Merde, comment sait-elle ? S'il y quelque chose qui déstabilise notre séducteur, c'est bien les filles intelligentes. On peut jamais savoir comment ça va réagir, ces machines. Les cruches sont bien plus faciles à attraper, de son point de vue. On voit assez vite à quelle catégorie elles appartiennent, et en fonction de ça, on laisse tomber (y'a des poulettes qui ne se laisseront jamais convaincre, de toute manière), ou on applique un rythme et une méthode appropriés à la catégorie sus-nommée.
Et c'est ce qui fait toute la beauté de la drague : l'automatisation. Dire que certains mecs croient dur comme fer qu'il existe approximativement 2 milliards de femmes différentes sur cette planète. Sébastien sait, lui, qu'en France, il en existe une dizaine. Dix sortes, dont quatre seulement sont baisables. Quatre modèles de cibles potentielles, ce qui donne un algorithme de séduction à quatre variantes. C'est beau, quelque part. Le modèle mériterait d'être encore épuré un peu pour avoir l'élégance d'une formule mathématique, mais la moustache de Nietzsche ne s'est pas faite en un jour.
Bon, mais le problème, dans tout ça, c'est les cinglées. Pas les filles mal dans leur peau (qui ont leur propre catégorie), ou celles qui sont exubérantes pour se donner un genre. Nan celles qu'on peine à analyser. Celles dont on arrive pas à prévoir les réactions. Elles ne semblent correspondre vraiment à aucune des quatre catégories (et pourtant elles sont baisables). Quand on tombe sur ce genre de filles, c'est la fin de la tranquillité, on peut en être sûr. On se retrouve pris dans des joutes verbales incertaines, on essaie des trucs incohérents, on sait pas trop ce qu'on fait. Il faut improviser, l'issue est incertaine. Bertrand dit que CA, c'est de la séduction, c'est plus élevé que de la drague à la chaîne sur des nanas interchangeables. Ce à quoi le blond réplique que non, c'est juste la preuve que le modèle n'est pas assez affiné.
Bref, la petite Aya, elle fait chier. Elle ne régit pas comme une fille normale.
"Je marque des points ?" lance-t-il, accompagnant la question d'un sourire indispensable.
Il se détourne et amorce tranquillement la marche en direction du bateau, les mains dans les poches, la demoiselle à son côté. Quelques secondes de silence lui suffisent à se reprendre. Il ne fat aps prendre le problème de travers. Elle est intelligente, certes, mais sa dernière parole suffit à la catégoriser. De toute évidence, Aya appartient au type 4 : les sacro-saintes dévergondées. Les plus savoureuses. "Grils just wanna have fun". Elle est un peu bizarre, et fichtrement perspicace, mais au final, tout ce qu'elle veut, c'est s'amuser. Il est con de s'être laissé déstabiliser par le franc-parler de cette gamine. C'est une joueuse effrontée, tout simplement.

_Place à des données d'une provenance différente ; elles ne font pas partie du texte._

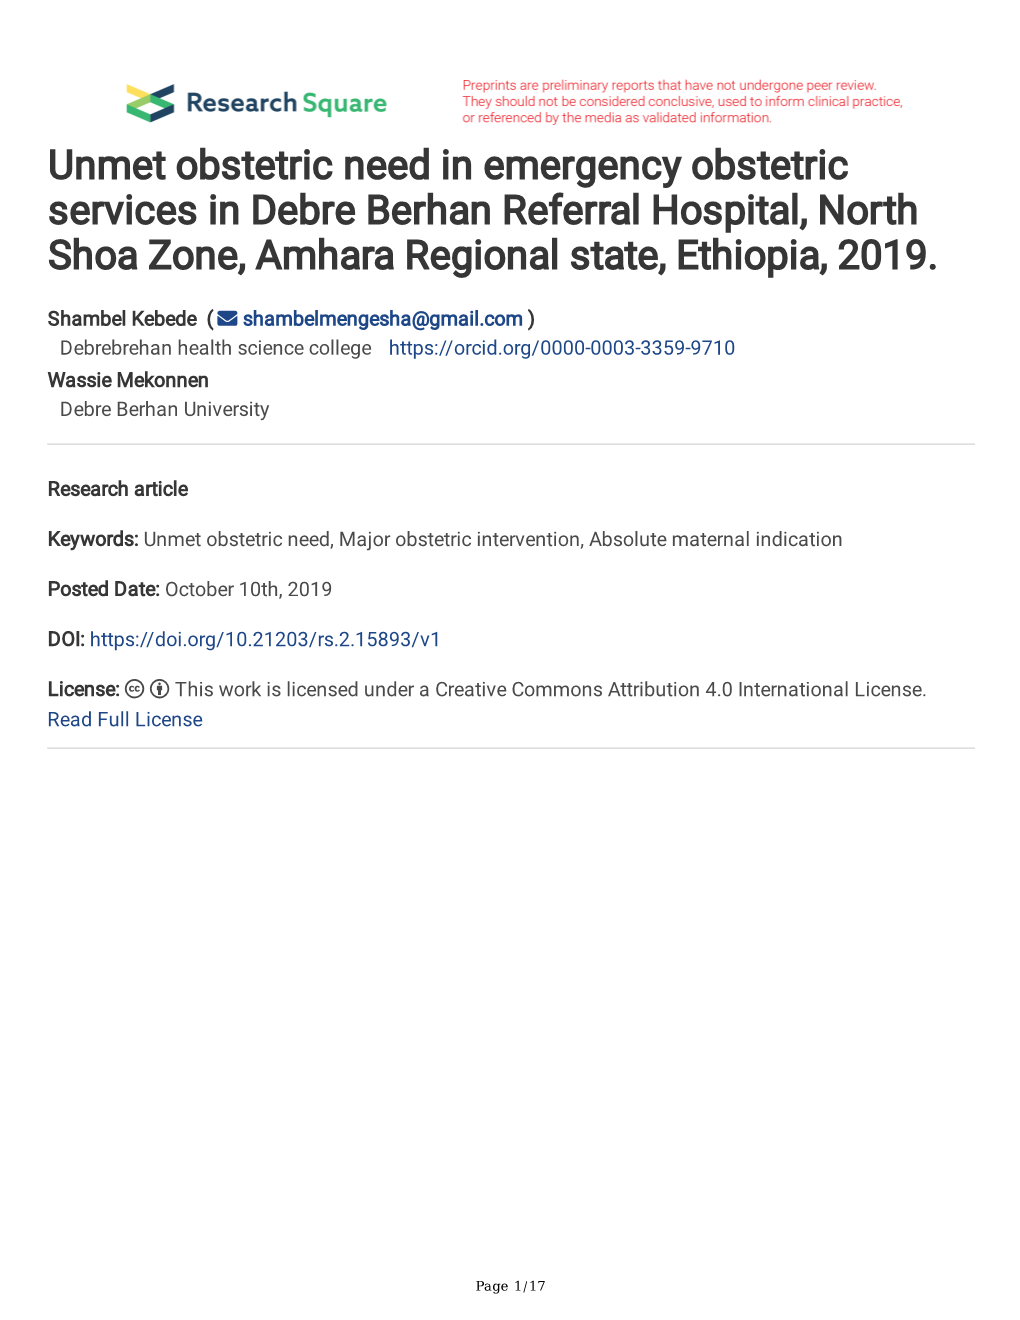 Unmet Obstetric Need in Emergency Obstetric Services in Debre Berhan Referral Hospital, North Shoa Zone, Amhara Regional State, Ethiopia, 2019
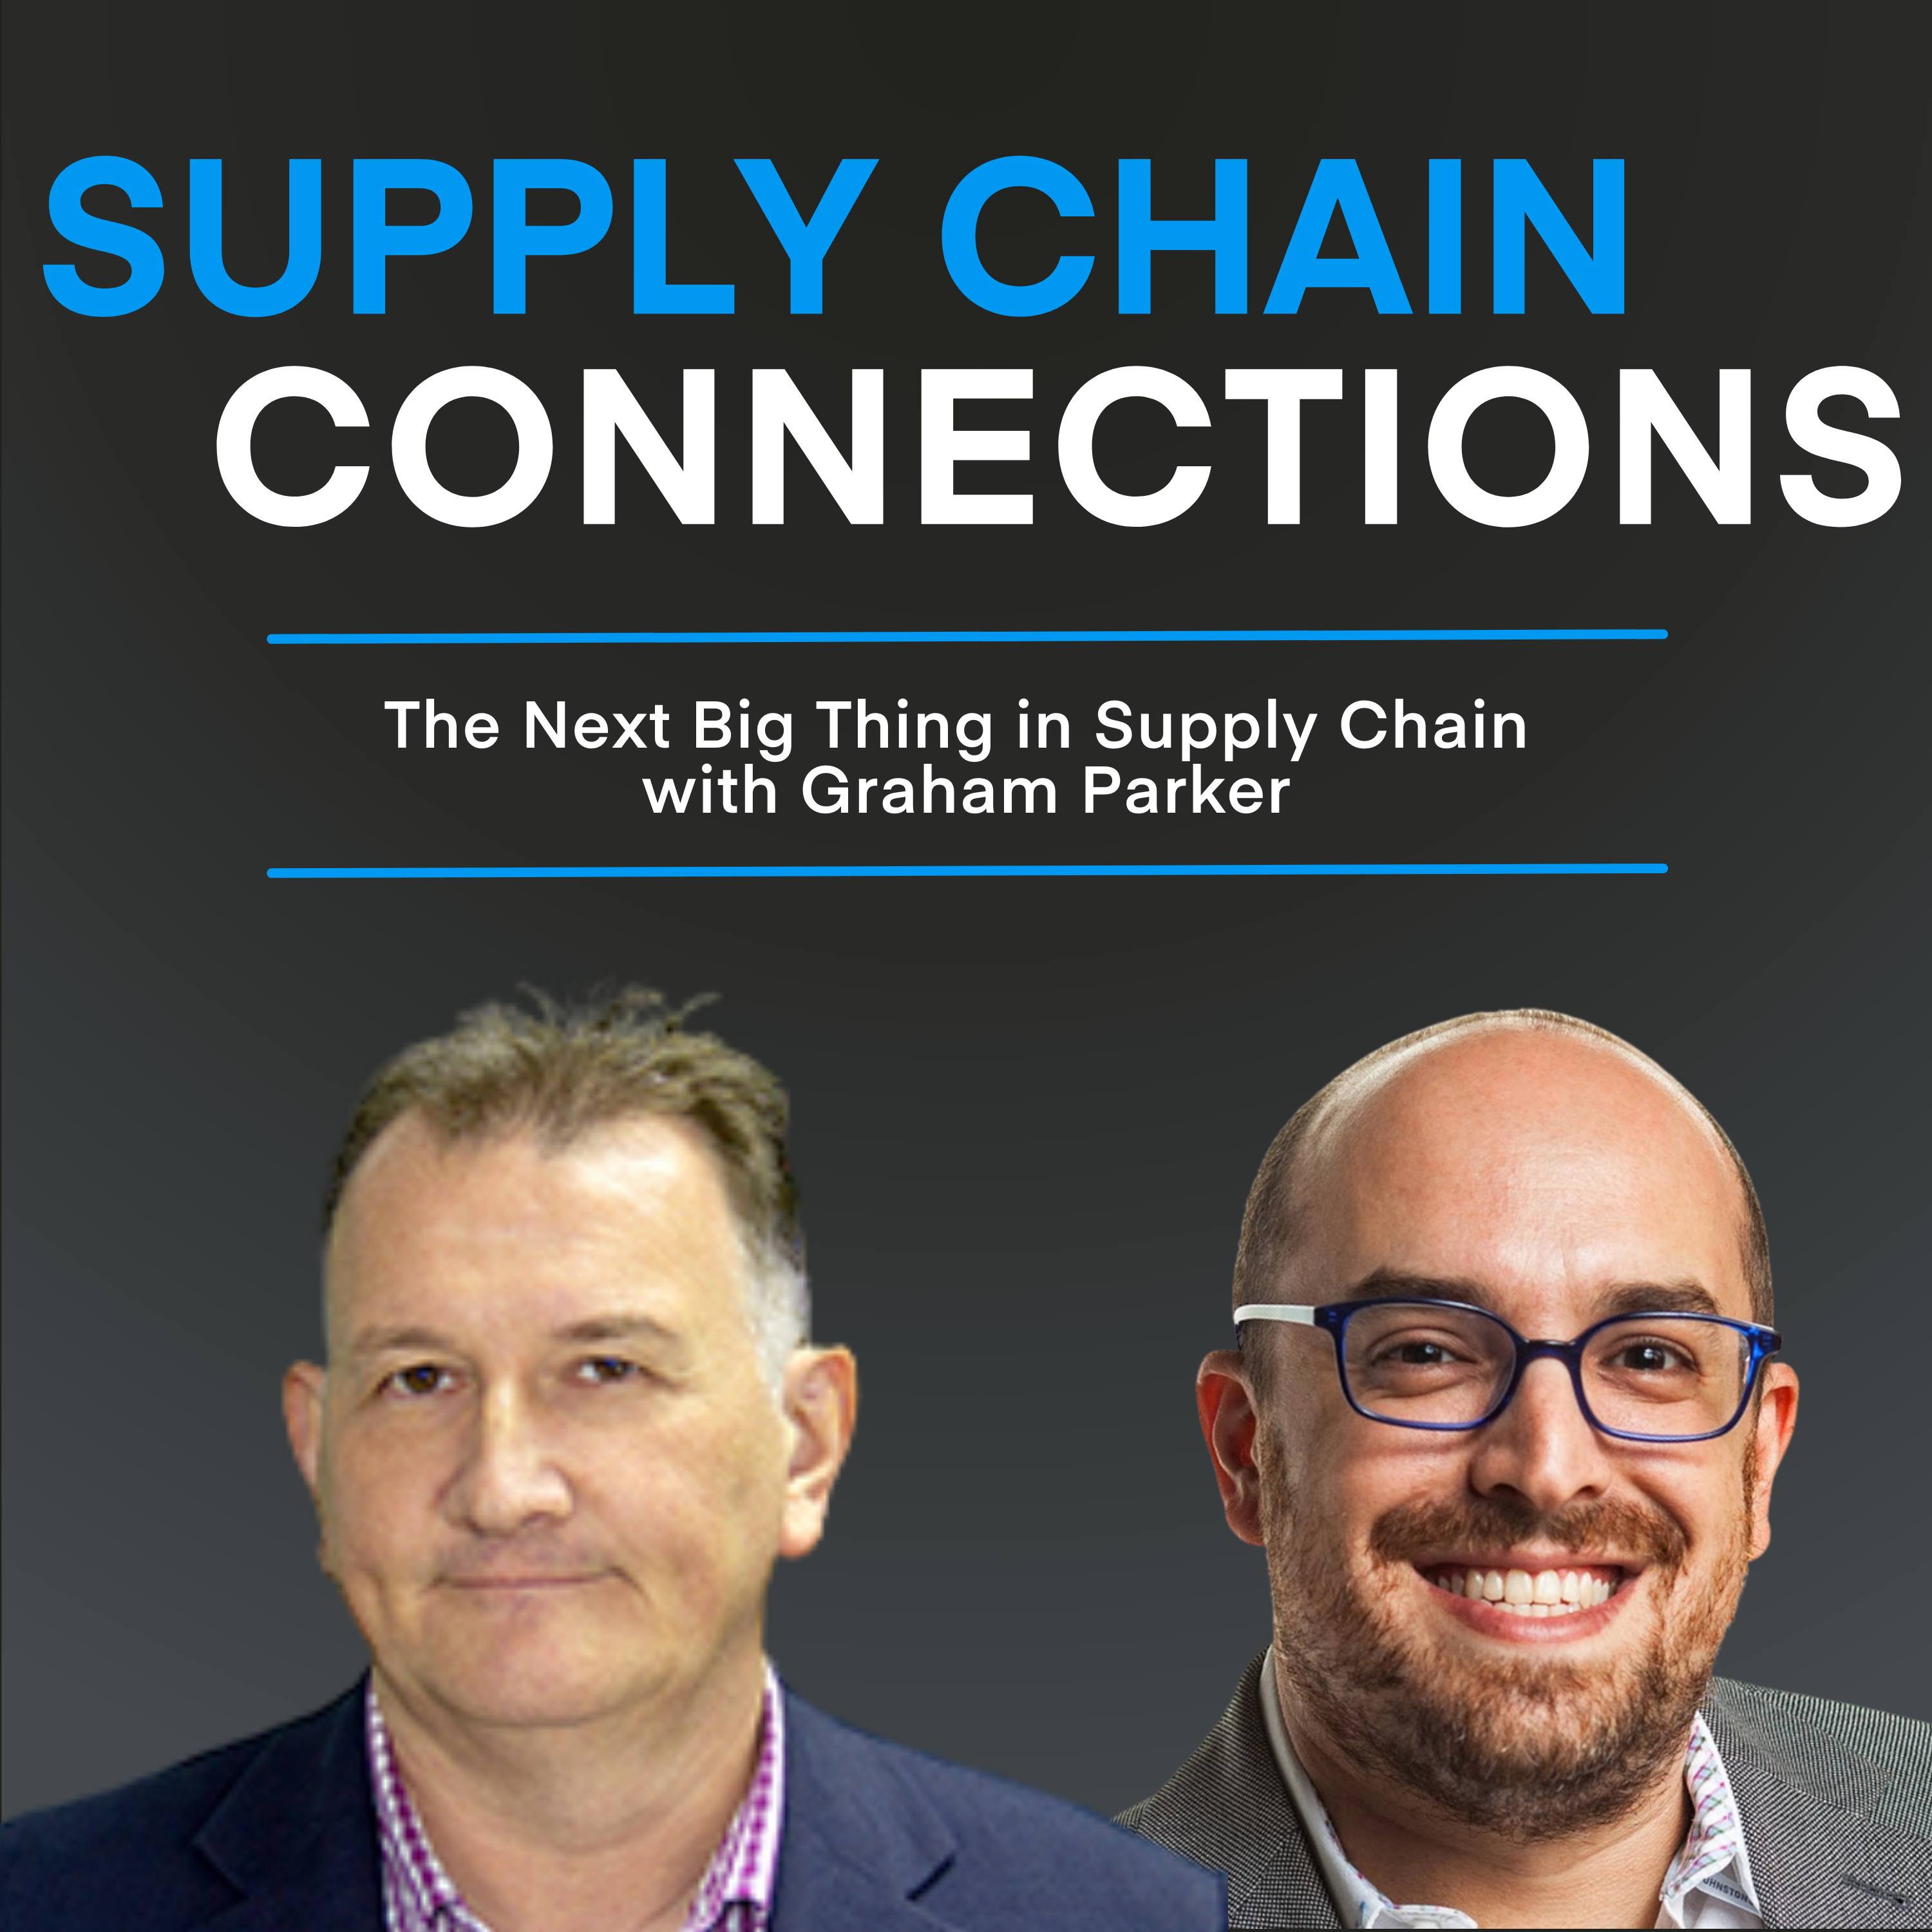 The Next Big Thing in Supply Chain with Graham Parker

"C'est vrai... ça sera vite réglé, en plus... si tu veux rendre la chose moins ennuyeuse, tu peux t'amuser à lui diagnostiquer n'importe quoi, à son moteur [ndlr : Sébastien est un enculé]. Ah bah tiens, on y est !"
Le matelot, sur son bateau, leur fait signe. En vrai, il doit être vénère d'avoir attendu, mais là il n'en montre rien. Il les attends, appuyé sur la rambarde du pont. Putain, il a trop de classe. Le blondinet zyeute les deux bras aux muscles saillants qui reposent nonchalamment sur la barrière en fer, non sans une certaine jalousie. Si il avait été une femme, il aurait choisit Bertrand.
"Vous avez aussi changé les roues de la voiture ou quoi ?" qu'il balance l'air de rien.
Sébastien se contente de se marrer, sans répondre, et traverse d'une large enjambée l'espace qui sépare le quai du pont. Il se retourne et tend la main à la mécano, histoire de l'aider si besoin est, parce qu'elle est plus petite que lui, et il ne voudrait pas qu'elle tombe. Galanterie oblige. (Bon d'accord, personne n'y croit. Évidemment qu'il veut juste établir un contact physique, et que tous les prétextes sont bons).